# Arrow of Light Awards



## gketell

My son is bridging out of Cub Scouts and into Boy Scouts this month.  My wife runs his den and, with her help, 9 of the 11 boys has earned the Arrow of Light which is the highest achievement in Cub Scouts and the only Cub Scout Achievement you get to carry forward to Boy Scouts.  

To honor their achievement my wife and I made these award plaques.  We did everything involved other than wrapping the thread around the dowels (that the boys parents did).  

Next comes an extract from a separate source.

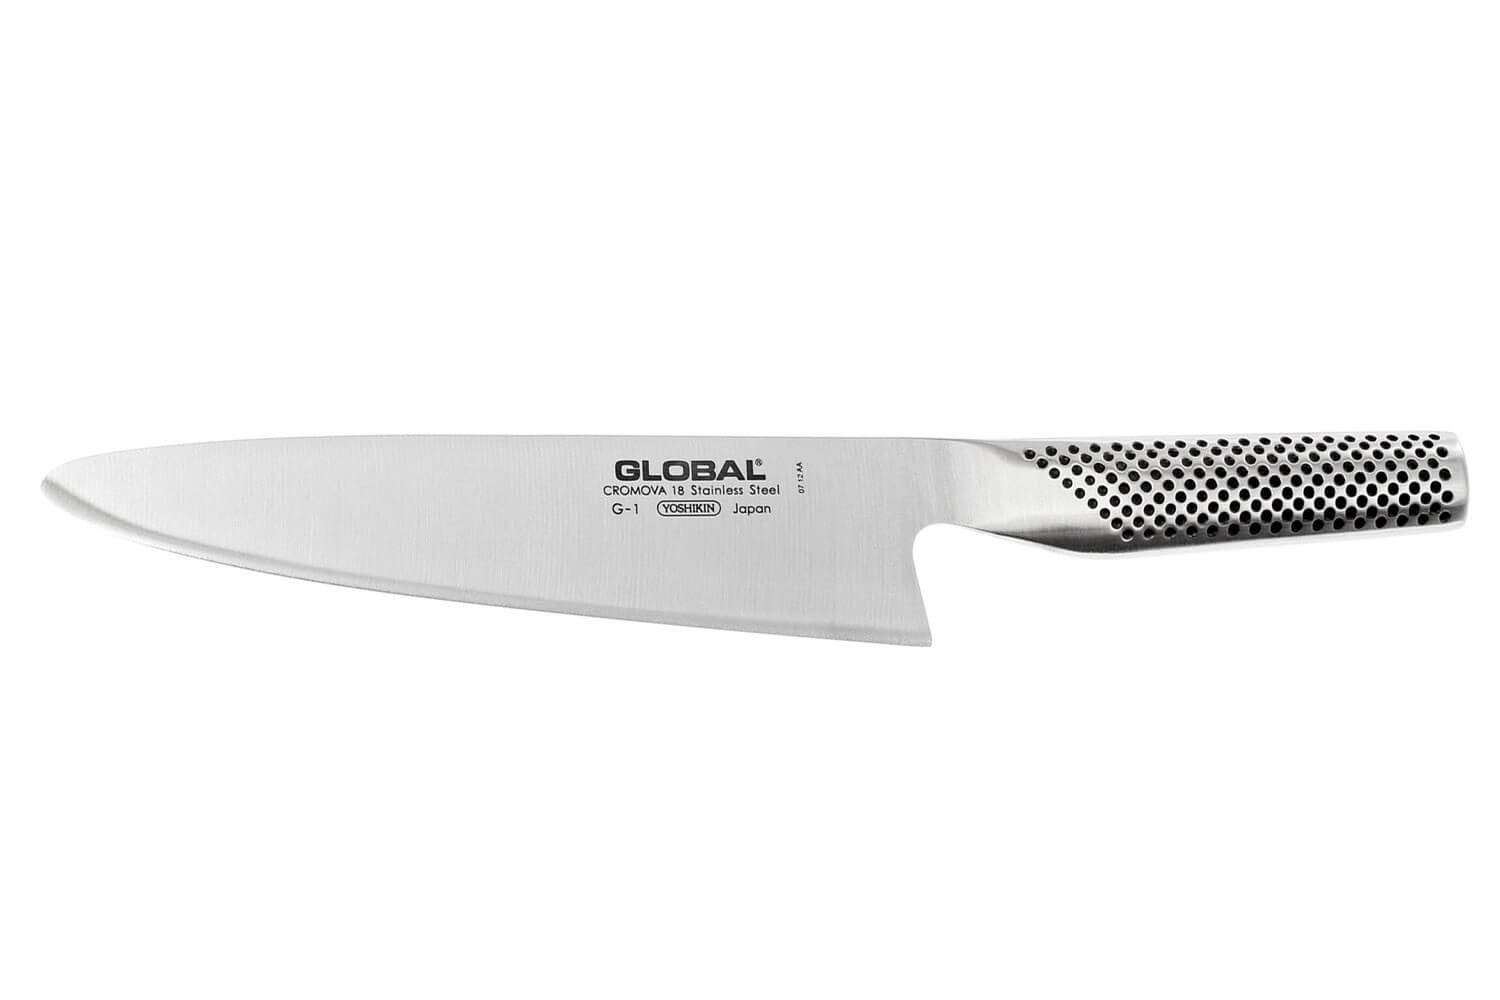 Couteau à viande G3 21 cm - Global

The plaque is 1x6 red oak hand cut on the band saw and then sanded for eons and routed with a 1/8" round-over bit in my dremel.  We then stained it with Minwax Provencial stain.  The arrow itself is made from 3/8" dowel that we stained.  I used the bandsaw to cut the knock and the slot for the arrow heads which are hand lapped stone glued in with epoxy and wrapped with synthetic sinew.  The fletching is feathers bought from Michael's and hand split and glued on then wrapped with more sinew.  Each arrow is wrapped with embroidery thread with a stripe representing each accomplishment the boy achieved during his time in Cub Scouts.
The drape was created from feathers we ordered on-line glued onto leather thong with wooden beads from Michael's.

GK


----------



## Pen Maker

Why you'd be Handy to have around.. NICE JOB


----------



## darrenjttu

Nice! All I got was a cheap wooden aarow when I got my aarow of light. Its nice to see kids are still in the cub scouts.


----------



## pentex

Great idea and workmanship. They will always remember these. I am 72 and I still remember when I was chosen for the Order of the Arrow when I was a Boy Scout.


----------



## bitshird

That must make you feel very good, Those boys should treasure those plaques a long time.


----------



## Pen Maker

Are you kidding? Kids these days. They'll be using it for a rain slicker hanger for the weeks out!


----------



## nava1uni

Gregg,
  Those are beautiful.  I am sure that all of the boys will be pleased.  Having a teenager I know that they still like things that make memories and connections.


----------



## VisExp

Very nice work Greg, and a great way to honor the boys achievements.


----------



## ranchonodinero

Beautiful work and something the Grandchildren will cherish.


----------



## dntrost

Very nice and a true labor of love!


----------



## stoneman

Very nice idea and execution. The boys must love them.


----------



## gketell

Thanks for all the nice comments.

Pen Maker, I hope you are wrong but there are at least three of the boys I think you will be right about.  One of them keeps getting in trouble over and over for going fishing..... in their fish tank.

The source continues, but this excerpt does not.